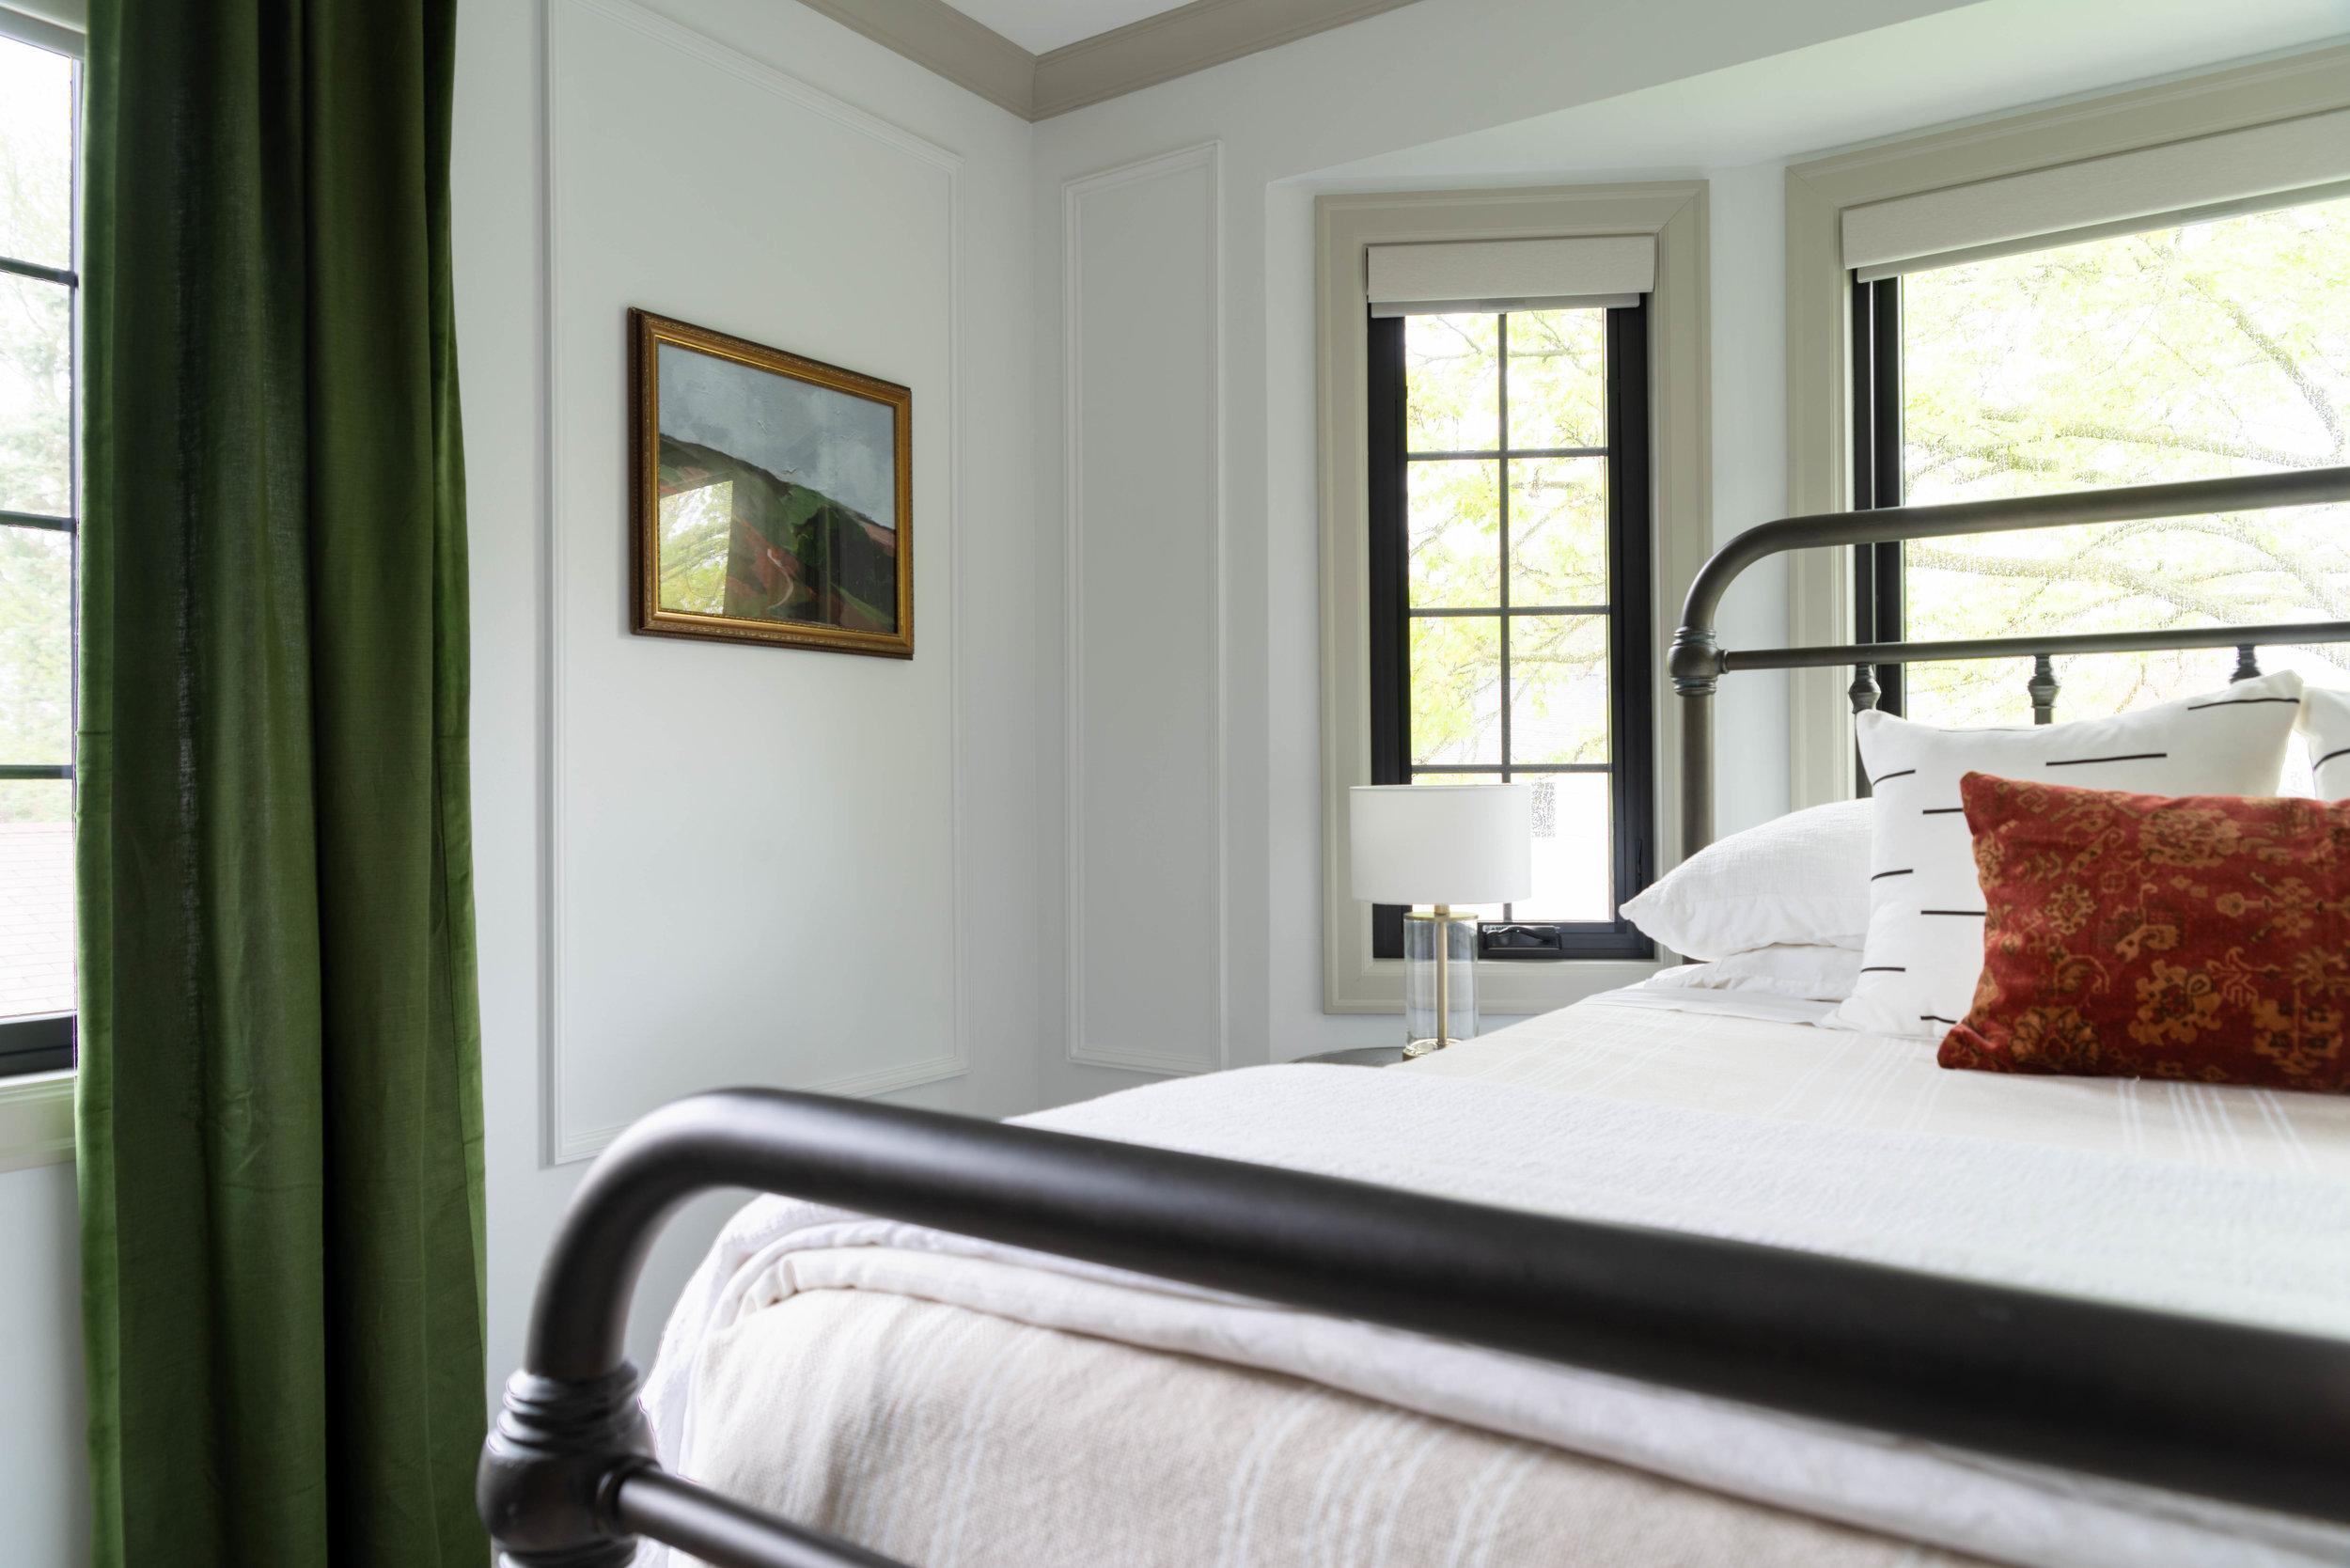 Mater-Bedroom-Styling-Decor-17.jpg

---

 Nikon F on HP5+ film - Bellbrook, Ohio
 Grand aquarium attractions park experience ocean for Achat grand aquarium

THE PROBLEM
In the entries above, restate word for word the lines between the one holding "Nikon F on HP5+ film - Bellbrook, Ohio" and the one holding "Grand aquarium attractions", inclusive, and nothing besides.

TASK SOLUTION
 Nikon F on HP5+ film - Bellbrook, Ohio
 Grand aquarium attractions park experience ocean for Achat grand aquarium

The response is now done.